I don't care for the term "entitise" (even though I coined it), though
the original discussion was in the context of *large* SGML/XML
documents. A better word would be "chunking"... breaking an object
into it's components in such a way that the objects are addressable.

The main difference is in where you see object boundaries. I see them
at the smallest container level... 

>>Yes, but then you assume server-side support for these cases... the
>>thing you are disagreeing with. Remove server-side support, and the
>>model becomes that of retrieving entities.
>I pointed out that you can use dynamic server-side support _if you want_.
>This means that your requirement is not catered-to, but neither is it
>obviated.

Right, then you and I have been arguing over nothing, because I have
been arguing against your promoting fragment specifiers to the
exclusion of server-side resolution. If we both agree that each has a
place, and that neither deserves preference, we have no argument.

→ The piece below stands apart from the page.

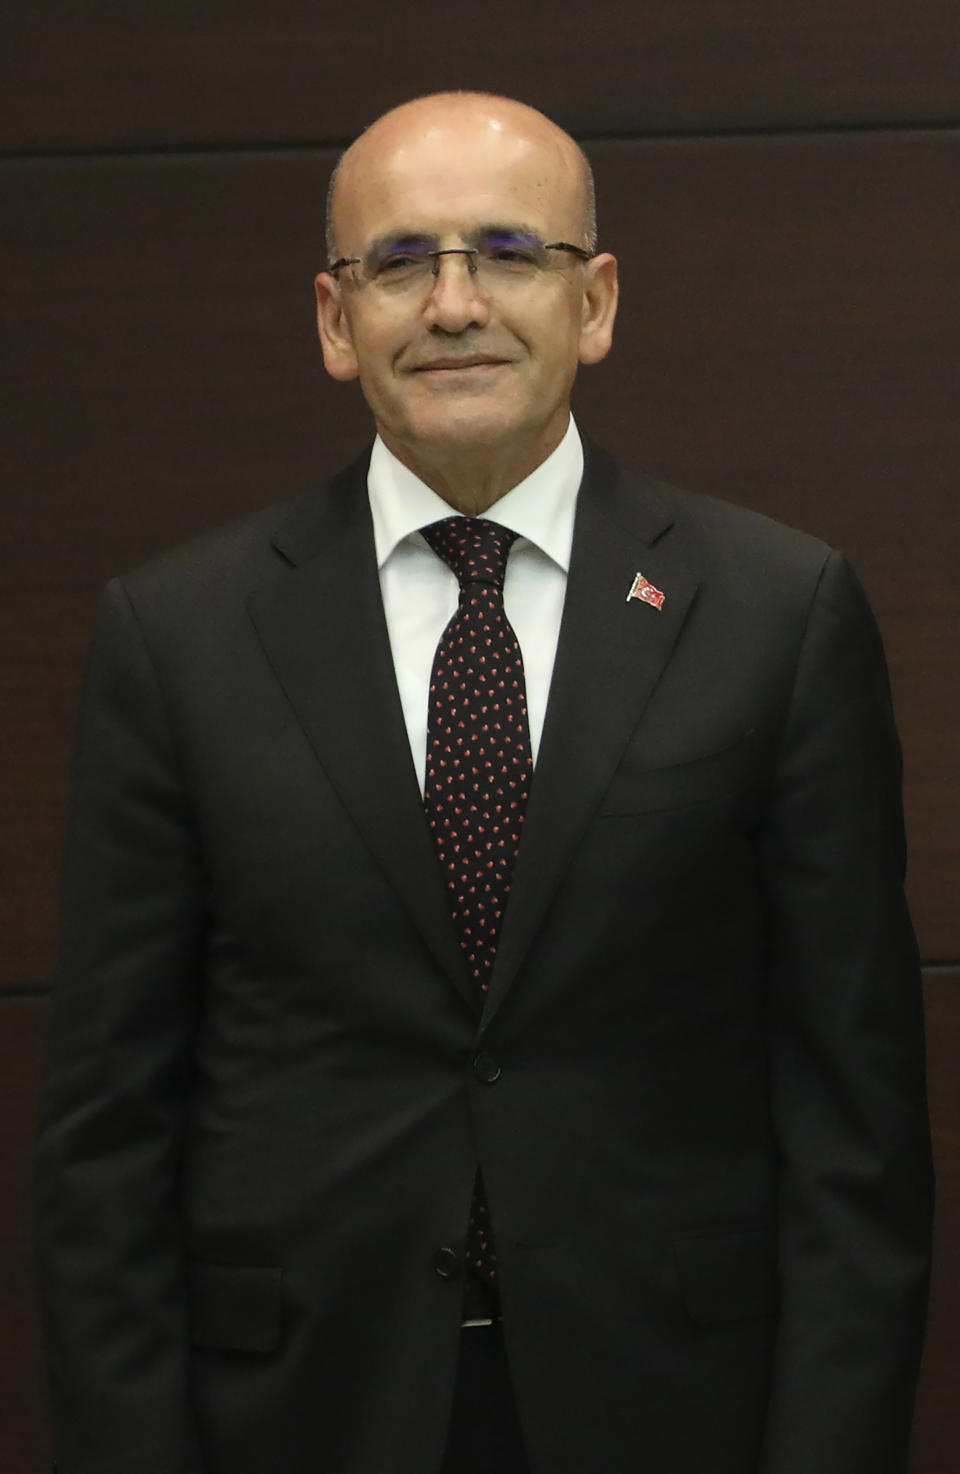 Turkey's new treasury and finance minister Mehmet Simsek, stands during the inauguration ceremony at the presidential complex in Ankara, Turkey, Saturday, June 3, 2023. Turkey's Recep Tayyip Erdogan, who was sworn into his third presidential term on Saturday, reappointed an internationally respected former banker as finance minister in a sign that his new government might pursue more conventional economic policies. (Yavuz Ozden/dia images via AP)
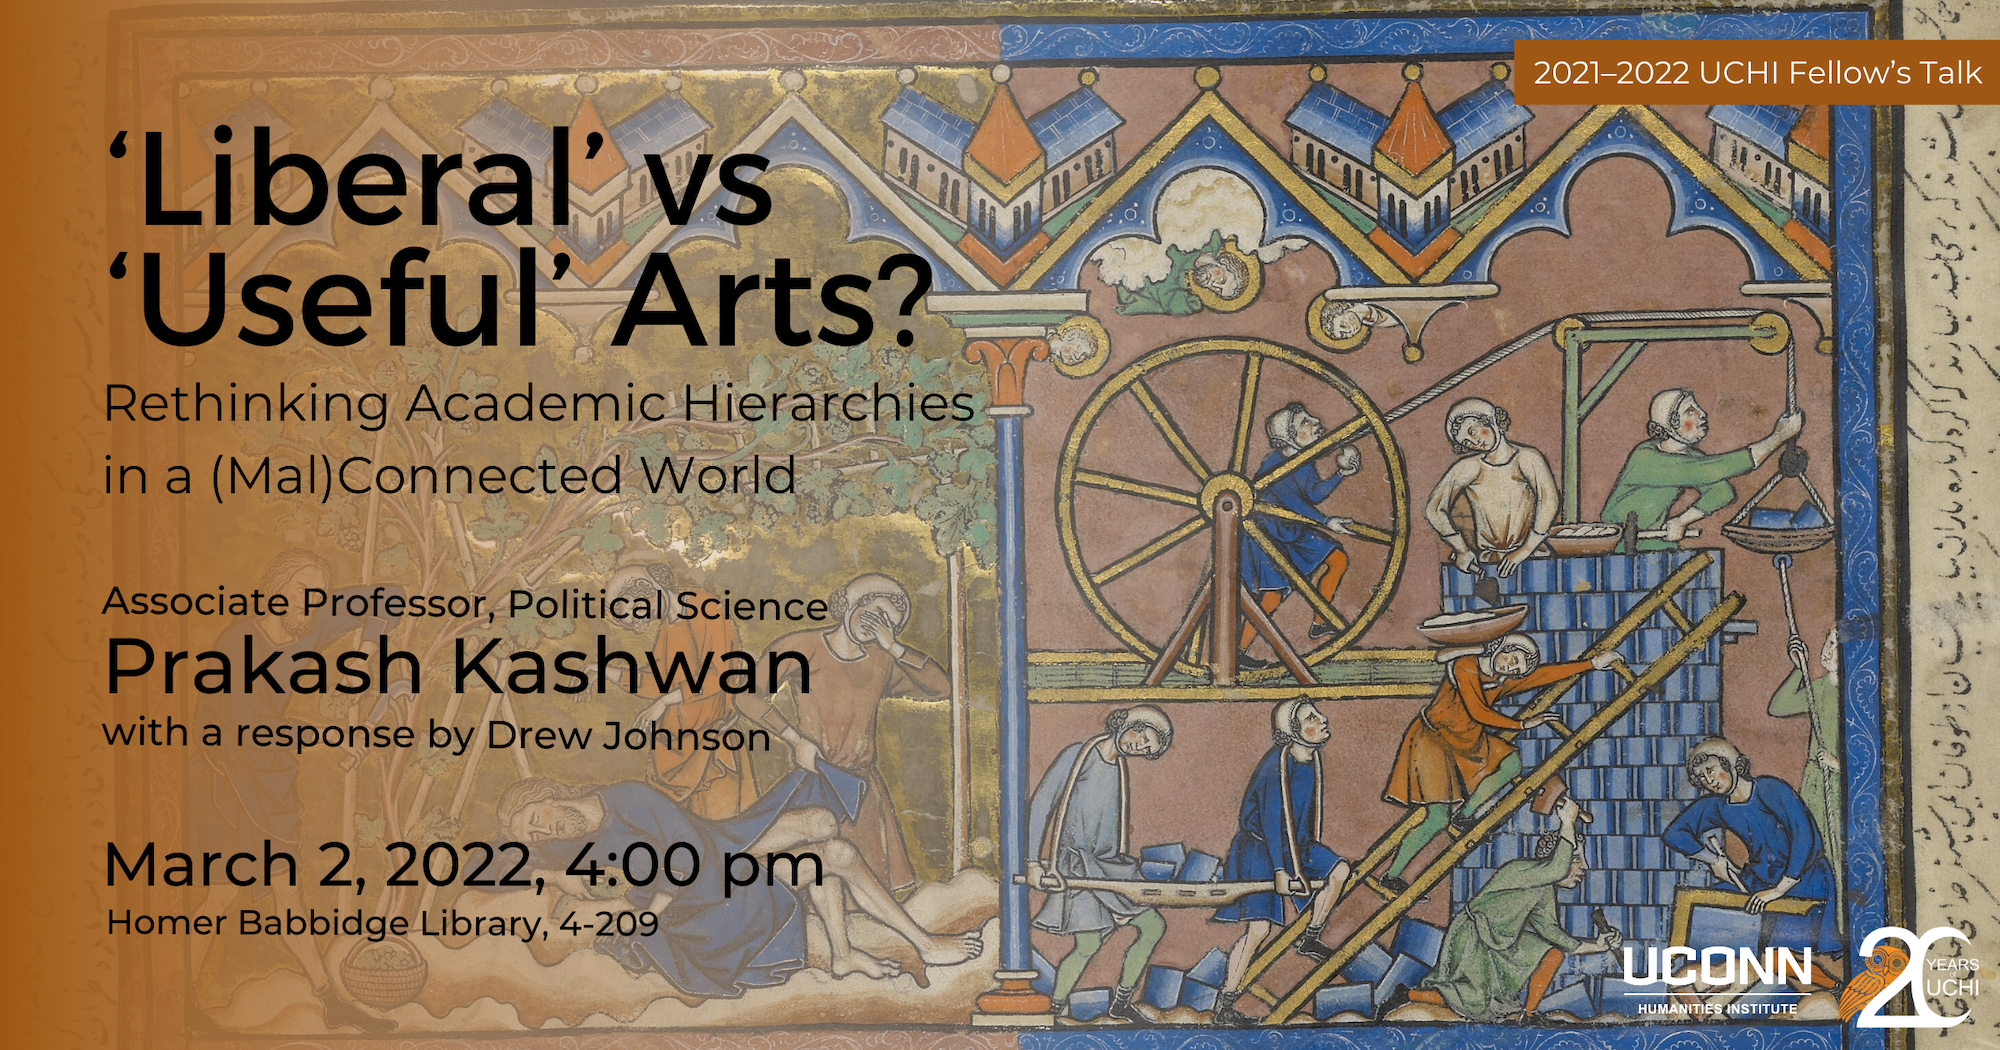 UCHI Fellow's Talk: Liberal vs Useful Arts? Rethinking Academic Hierarchies in a (Mal)Connected World. Associate Professor of Political Science, UConn, Prakash Kashwan with a response by Drew Johnson. March 2, 2022, 4:00pm, HBL 4-209.

>>My major concern here is that if the only *standard* way of addressing
>>individual elements is client-side, then people will only use that,
>>building up momentum against finer granularity object addressing.
>>It is better to establish a momentum toward superior solutions as
>>early as possible in order to avoid pain further down the road
>>(different to *requiring* superior solutions from the get-go).
>
>I don't believe that it's worth the effort of defining complex fragement
>transport mechanisms to encourage people to do something that they can do
>even if we punt on that work. If the world starts beating down our doors on
>this we can revisit it at any time.

Well *I* have been involved in efforts that took precisely that path,
and many/most have caused more pain than the pain they tried to avoid.
As my father used to say "An ounce of prevention is worth a pound of
cure". 

>>I think that the initial *publishers* of XML content will generally
>>have at least partial control over the site, as XML is going to be a
>>tiny niche for some time, and so will require publishers dedicated to
>>it's deployment. Fragment specifiers are fine for smaller documents,
>>but I think many initial XML publishers will be dealing with large
>>documents.
>
>This may be a good reason to encourage client implementers to implement
>lazy entity retrieval. Or, those publishers can use smart server
>technology, since we have not prevented them from doing so (we simply
>haven't standardized _how_ to do it).

You can't have lazy entity retreival unless you have an engine capable
of generating entity boundaries (or chunk, in other words). I am not
for standardising the *mechanism* either, just the addressing scheme
to be used (which is a simple extension of existing heirarchical,
supposedly opaque, relative URL's (oxymoron in the last two)). 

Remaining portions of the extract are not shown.